Over belevenissen en inzichten

CLICK HERE FOR
THE PARENT SITE
and SITE SEARCH


Angsten

Hoe kan het toch dat vrij veel mensen grote angst vertonen voor een behandeling bij de tandarts? Dit terwijl de meeste behandelingen bij de tandarts uitgevoerd worden zonder dat de patiënt ook maar enige pijn voelt. Behalve dan misschien het kortstondige, maar vervelende "prikje" van de verdovingsspuit. Of in de gevallen dat de patiënt wel iets van pijn ervaart bij een behandeling van de tandarts, zal deze pijn toch in geen enkele verhouding staan tot de angst die de patiënt van tevoren voor die behandeling had. Mensen die toevallig op een eerder moment bij een behandeling door de tandarts wel een betrekkelijk pijnlijke ervaring hebben gehad, hebben mogelijk enige reden om op een later moment angstig te zijn. Maar heel vaak hebben zij niet een echt pijnlijke ervaring gehad! En toch vertonen veel te veel mensen disproportioneel veel angst voor een behandeling bij de tandarts.
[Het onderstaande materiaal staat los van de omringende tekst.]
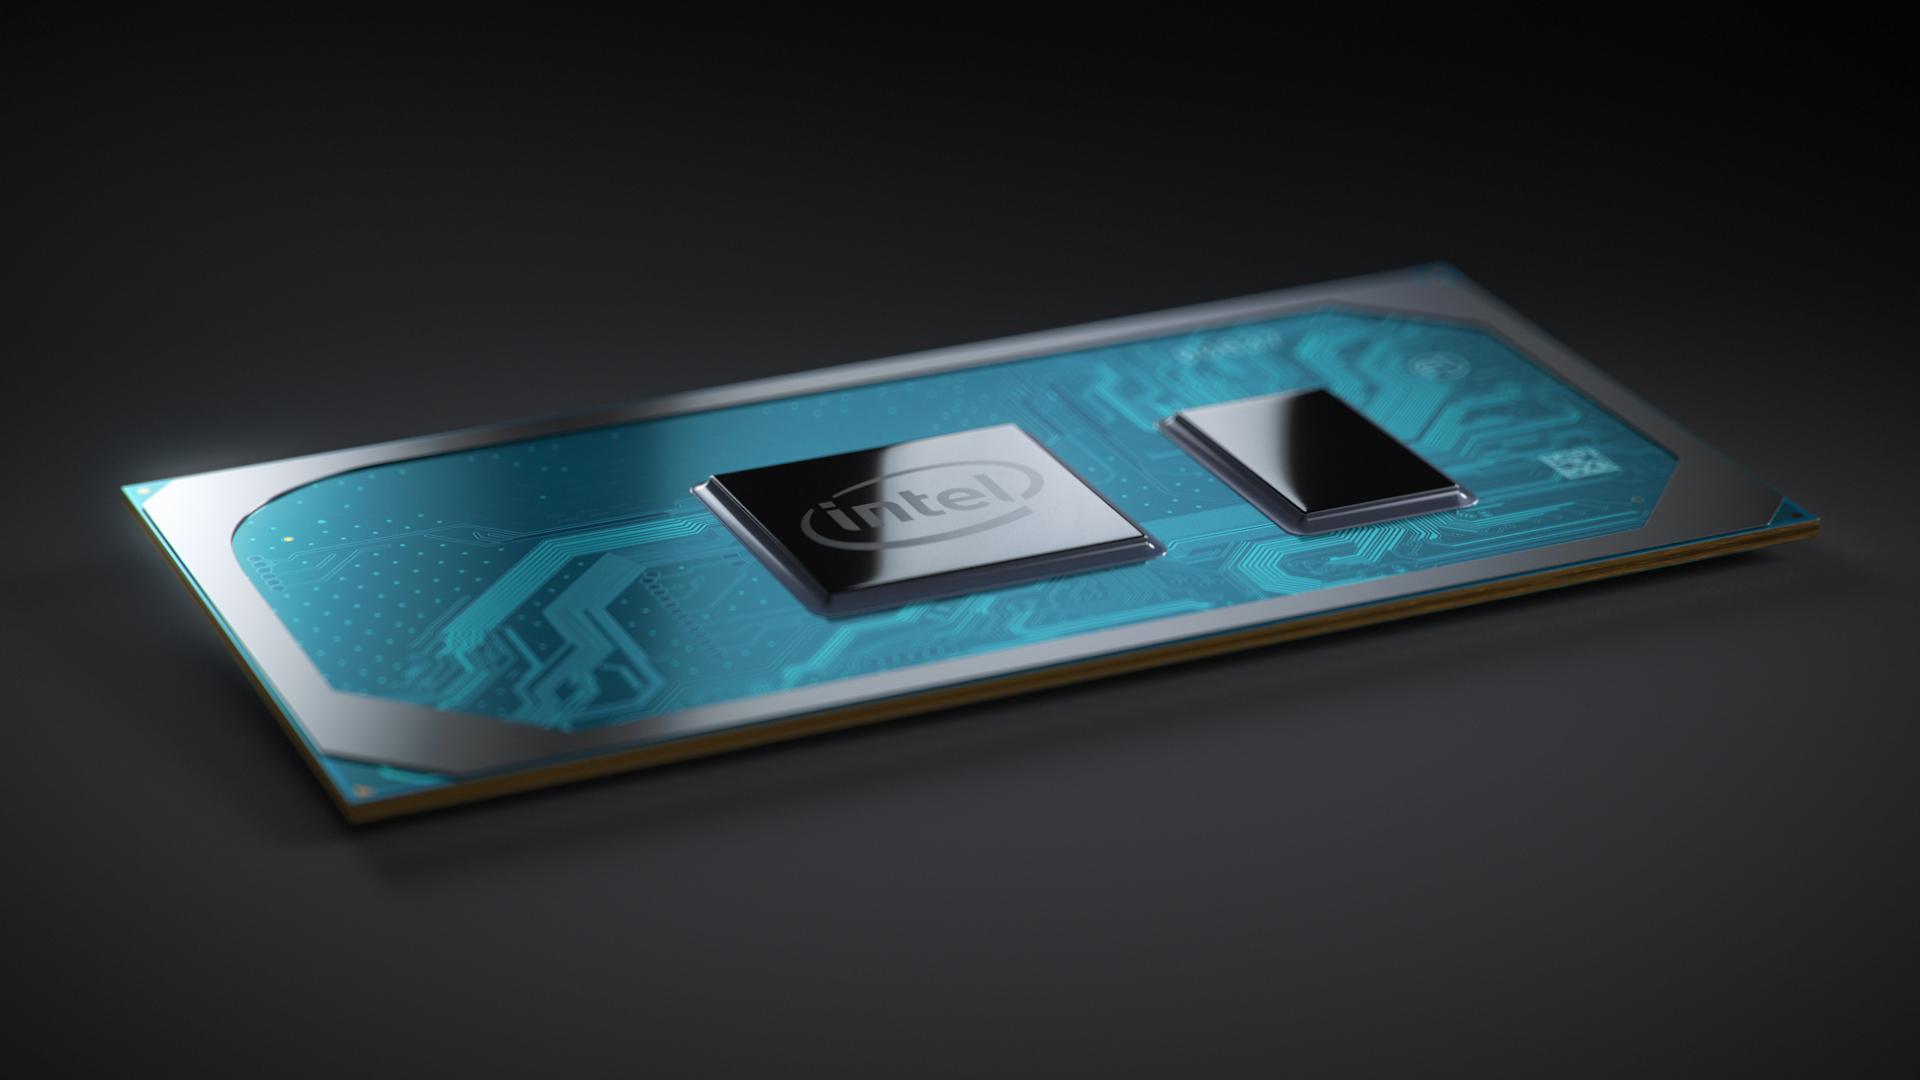 متحكمات ذاكرة معالجات سلسلة Core Alder Lake قد تحمل مبدأ التروس Gears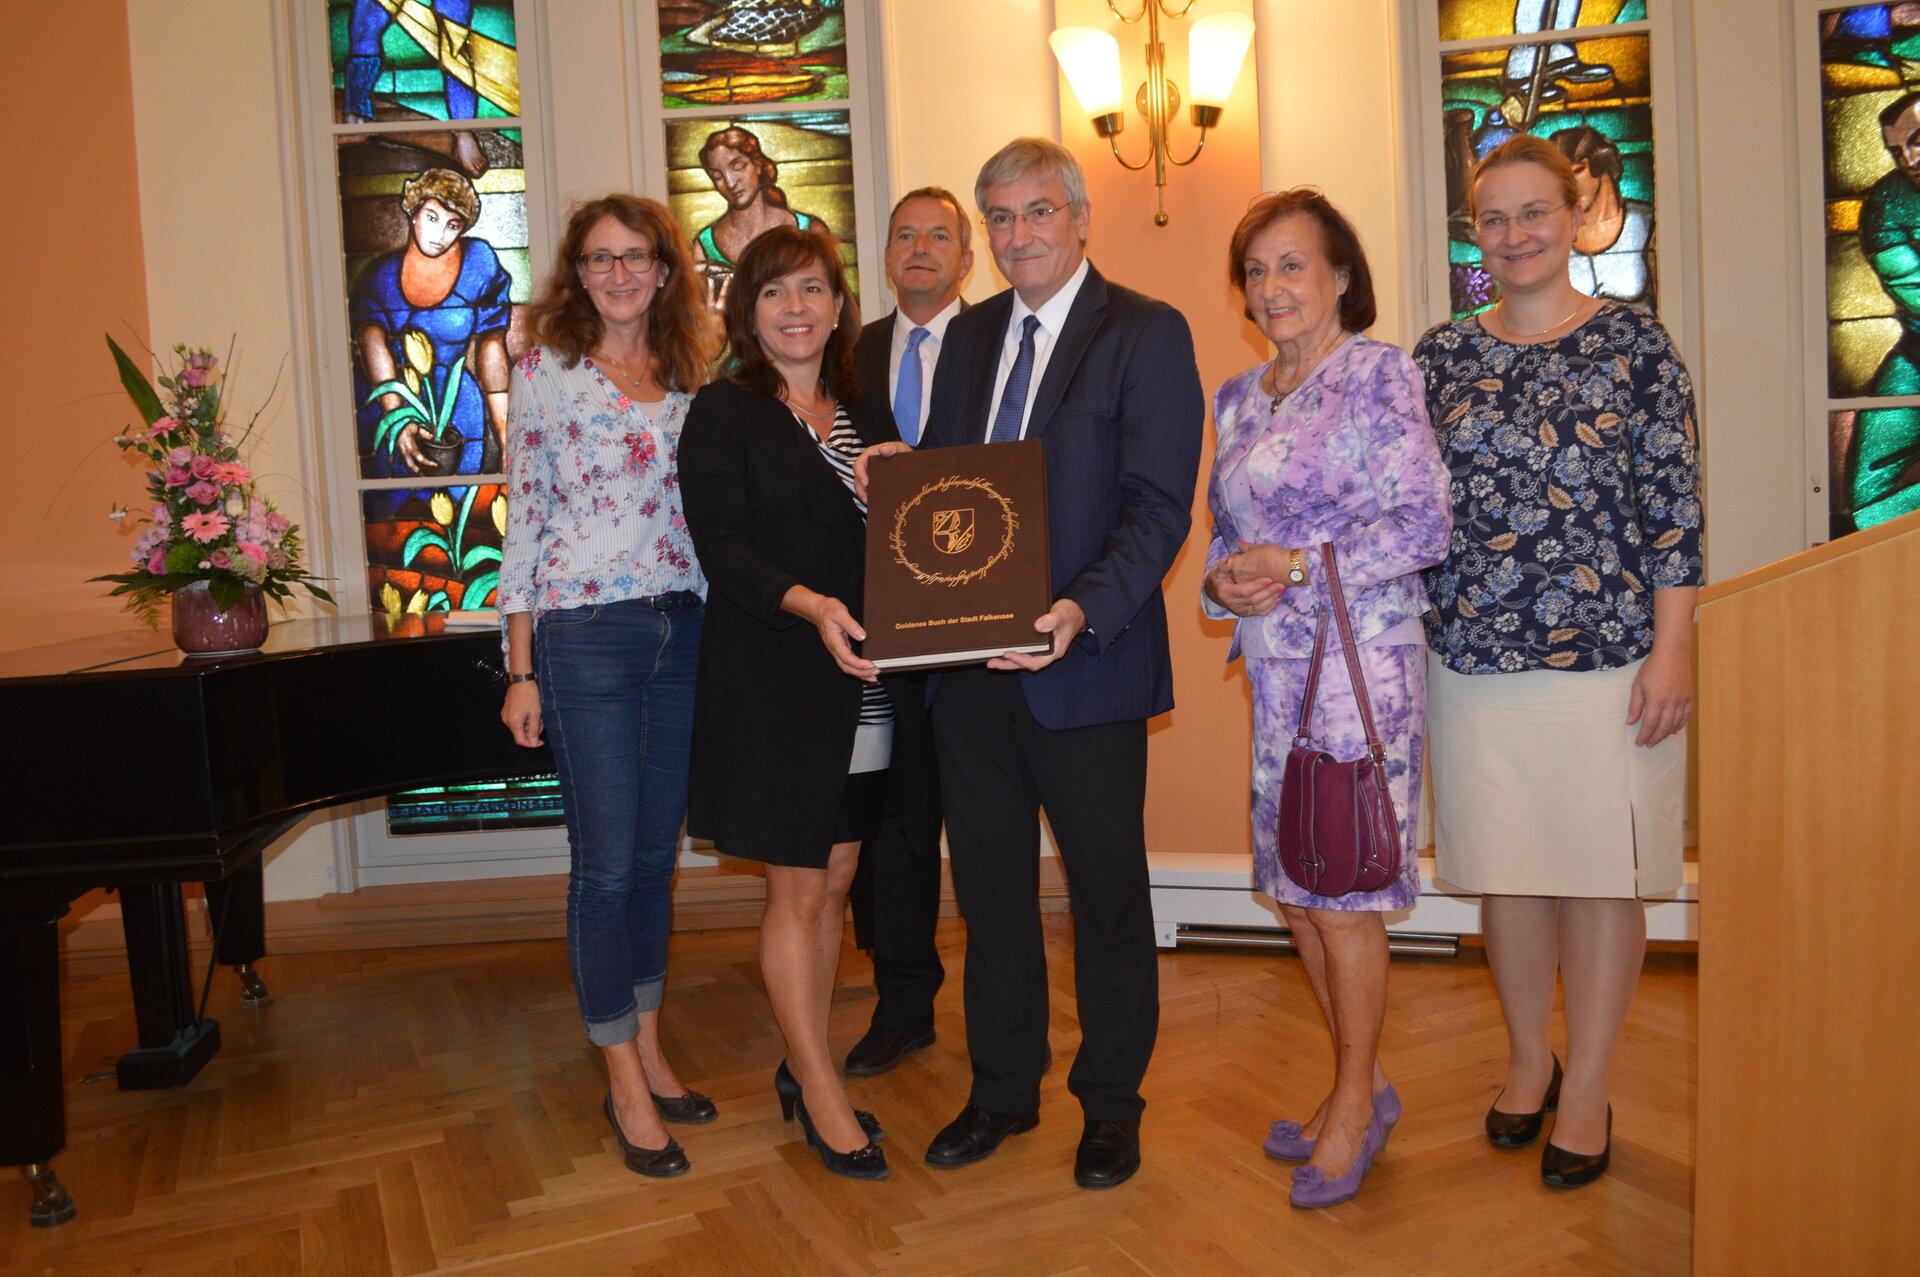 Zum Tag des offenen Denkmals im Jahr 2018 präsentierten Bürgermeister Heiko Müller und Barbara Richstein, die damalige Vorsitzende der Stadtverordnetenversammlung, anlässlich des 100. Geburtstages des Rathauses das Goldene Buch der Stadt Falkensee. In die

Natuurlijk, angst voor de tandarts kan zijn aangepraat! Als men als nietsvermoedende jonge patiënt voor het eerst in de tandartsstoel plaatsneemt, heeft men mogelijk reeds een hele lading aan enge verhalen over een dergelijke behandeling over zich heen gekregen. Dus dat feit zou dan een dergelijke reactie kunnen verklaren. Maar met die enge verhalen wordt bijna iedereen tijdens het opgroeien geconfronteerd, dit terwijl de één daar veel meer door beïnvloed lijkt te zijn dan de ander. Hoe valt dat te verklaren? Sommige mensen uit een bepaald groepsverband groeien op in een cultuur waarin veel angst voor een behandeling bij de tandarts aanwezig is. Dan valt te verwachten dat die mensen ook buitensporig angstig zijn voor een behandeling bij de tandarts. Maar ook dan geldt dat die cultuur van angst rond het bezoek aan de tandarts niet altijd bij iedereen in dat groepsverband aanwezig is. Sommigen van hen lijkt het nauwelijks te raken. En anderen uit datzelfde groepsverband zijn er doodsbenauwd voor.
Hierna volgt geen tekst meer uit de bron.